After the onslaught of false textures, it comes as a relief to take refuge in the look of the living, not least in the face of Kate Beckinsale, who is filmed with rapturous care. She comes on the heels of Nicole Kidman in "Moulin Rouge," another alabaster goddess who calms a hectic film; staring at the pair of them, I get a pleasant, goosebumpy feeling that, if nothing else, mid-2001 will go down as the summer of skin. There is no doubt, of course, which of the boys will wind up with Evelyn, a woman at once so sexy and so saintly that she removes a stocking in the middle of the bombing raid to make an emergency tourniquet, causing me to wonder whether the patient's blood pressure is supposed to go up or down; what surprised me was how long it took for the winning lover to emerge. As Pearl Harbor lay smoldering, and the triumphant Japanese admiral uttered the words "I fear all we have done is to awaken a sleeping giant," I got up to leave. After all, that was pretty much the line that brought "Tora! Tora! Tora!" to a close. Then I glanced at my watch, sighed, and sat down again; forty-five minutes still to go, and we're off into an entirely new narrative, with Alec Baldwin recruiting the boys for yet another mission. "Do you know what top secret is?" he asks—the second-best question of the film, topped only when Evelyn finds Rafe packing a suitcase, and, quick as a flash, says, "Packing?" She is understandably distraught by her sudden change of fortunes. One moment she is trying to cope with two grown men scrapping over her like a couple of roosters, and the next, as she says in some exasperation, "All this happened." I am not absolutely sure what she means by "this," but I imagine that she is referring to the trifling matter of an enraged United States being hauled into a global conflict.

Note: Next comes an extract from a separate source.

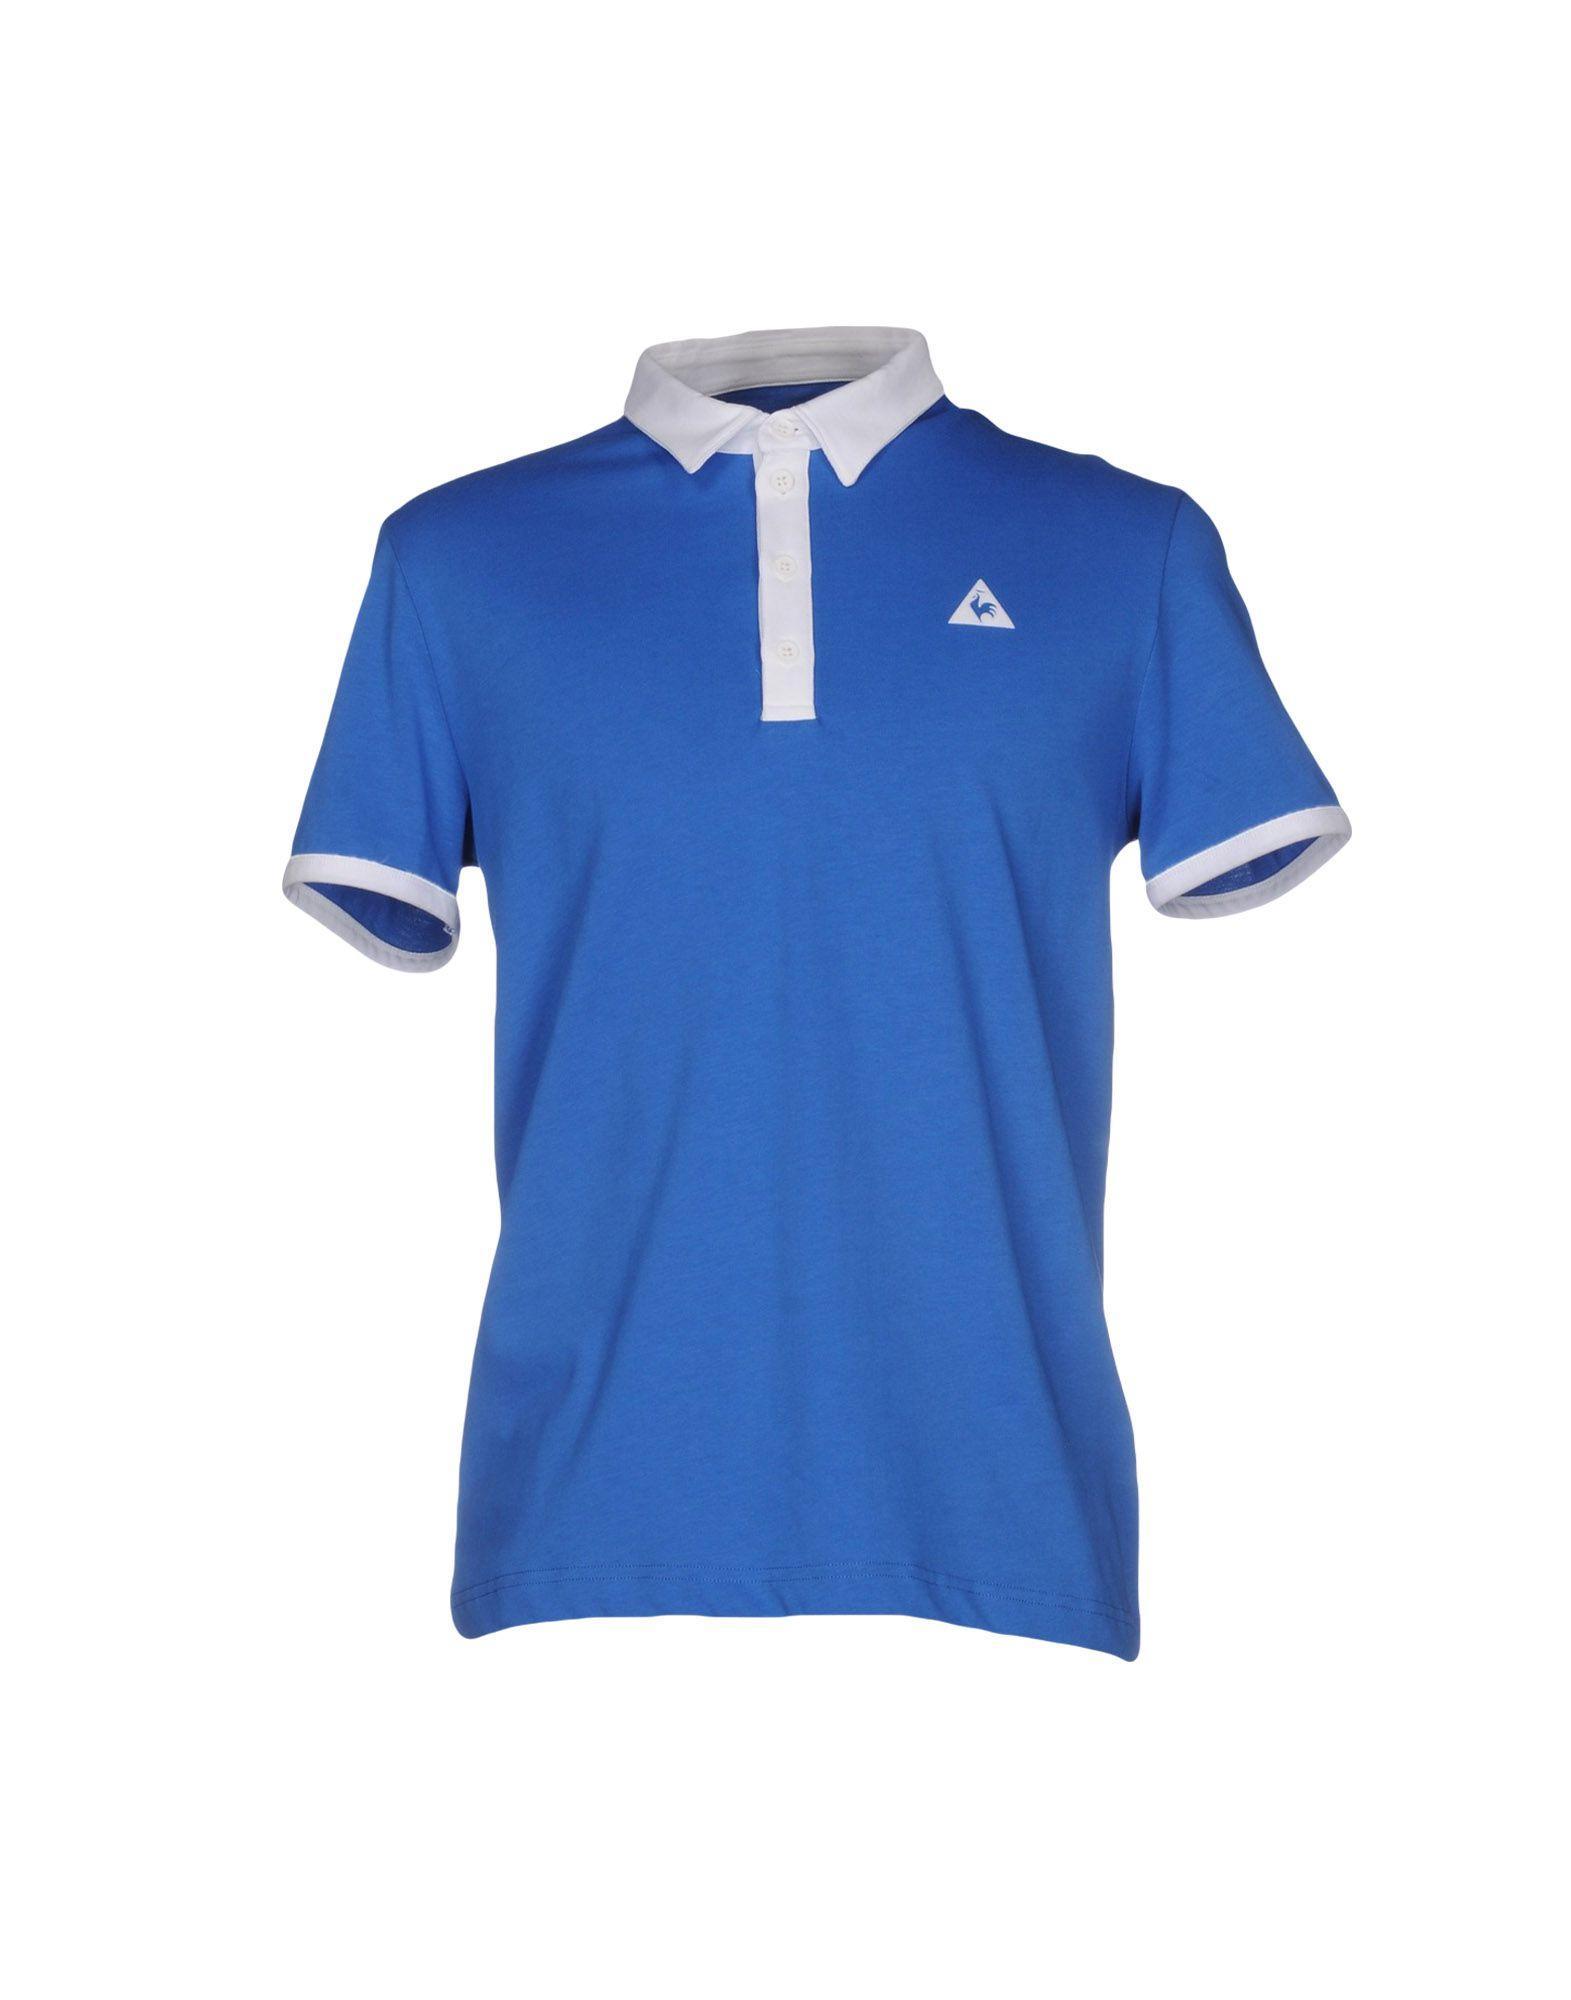 le coq sportif shirt - photo #13

I guess we should thank Michael Bay for so bold a revisionist take on the Second World War: no longer the clash of virtuous freedom and a malevolent tyranny but a terrible bummer when a girl is trying to get her dates straight.

What Rafe is setting off for—complete with Danny, a Silver Star, and a fresh head of highlights—is the Doolittle Raid on Tokyo, in the spring of 1942, when bombers were launched off the deck of a carrier. It's a great saga, and I applaud movies that take the trouble to sing the unsung, but it doesn't belong here, and the audience started to rustle with impatience—something I never expected to hear at a movie directed by Michael Bay and produced by Jerry Bruckheimer. Why did they go with this plan? Maybe Jerry sidled up to Michael halfway through the shoot and whispered, "Bad news. I just learned that this Hawaiian thing—with the planes and the ships, right?—well, it wasn't so great for us. Apparently, the Japs won. We lost." So they tacked on another story, and went out on a high. "Pearl Harbor" may be stirring proof that right will prevail, but I hate to think what will happen when these guys get their hands on "King Lear." ♦

Bombs Away (2024)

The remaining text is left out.